Many people including myself choose to attempt to maximize our investments by investing in individual stocks, or with a mix of both. Individual stocks have the opportunity to give higher returns than the overall market, but no guarantee. Selecting which stocks to buy takes more time than simply buying an index fund like VOO, but it doesn’t have to be outrageous. I go over key information in my post on Buying and Selling Stocks.
For a more in-depth introduction to the stock market as a whole, check out my post What is the Stock Market?
Start a Side Hustle
Starting a side hustle does not have to be a 24/7 grind like many make it out to be unless you want it to. For many people, a side hustle is just something to put an hour or two in a day. Even with this seemingly small amount of time, a side hustle has huge upsides:
Having a single source of income, likely from a day job, exposes you to some risk. Namely, if you get fired or laid off for some reason, your income is now zero. If you have your rainy day fund set up as we talked about above, then you should be okay. But, it’s still not an optimal situation.
Instead, if you had even a small side hustle bringing in a relatively small or even significant amount of money each month, that would alleviate a lot of financial tension.

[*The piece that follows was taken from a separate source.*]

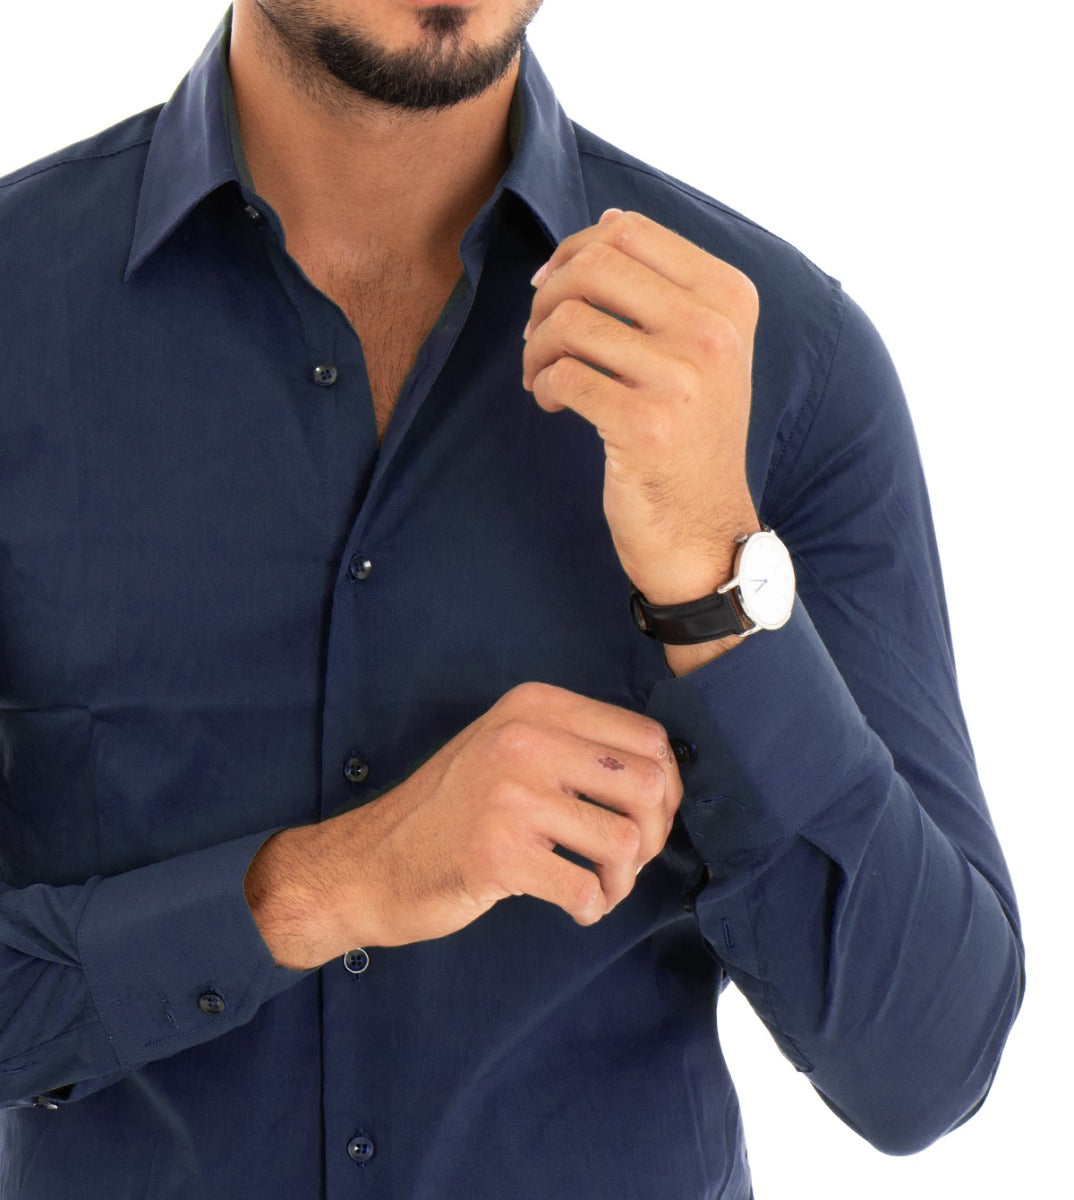 Men's Shirt With Collar Long Sleeve Slim Fit Basic Casual Cotton Blue GIOSAL-C1809A

Paying for food or rent for the month covers a lot of your expenses.
When most people fill out their resumes, they have a section for skills. Their skills will likely cover standard skills gained through their jobs, maybe with a few skills gained from outside courses. There is nothing wrong with this, and it will get you many opportunities.
However, having a skillset from an entirely different field can give you a massive leg up. If you do freelance writing on the side, you can add professional writing to your list of skills. Or if you do graphic design, this may show as a very unique skill on an Engineer’s resume.
Though your side hustle skills may not seem applicable to the position you are applying for, it’s all about becoming indispensable. No, graphic design may not help you be a lawyer directly. But, if they see you are a graphic designer, they may ask you to help out with their logo or advertisements. You have now further engrained yourself in the company, making it more painful for them to get rid of you.
A diversified skillset is arguably even more useful outside of a day job. These additional skills allow you to completely switch careers if you so desire. Having a side job as a blogger while you work as a phlebotomist may allow you to become a full-time copywriter eventually. In my opinion, the key to finding success in this world is putting yourself in a position to take advantage of any opportunity that presents itself.
Of course, the increased income from your side hustle will increase your wealth faster. If your goal is early retirement, a side hustle is almost a necessity without a massive paycheck from your day job. Even with a goal of standard retirement, a side hustle will allow you to retire more comfortably.
When it comes to managing finances after college, it isn’t about being perfect. Don’t put pressure on yourself to make the perfect decision at the perfect time. What is important is to avoid analysis paralysis and make a decision at all. Those who make decisions and try things get much further than those who sit and wait for the perfect opportunity.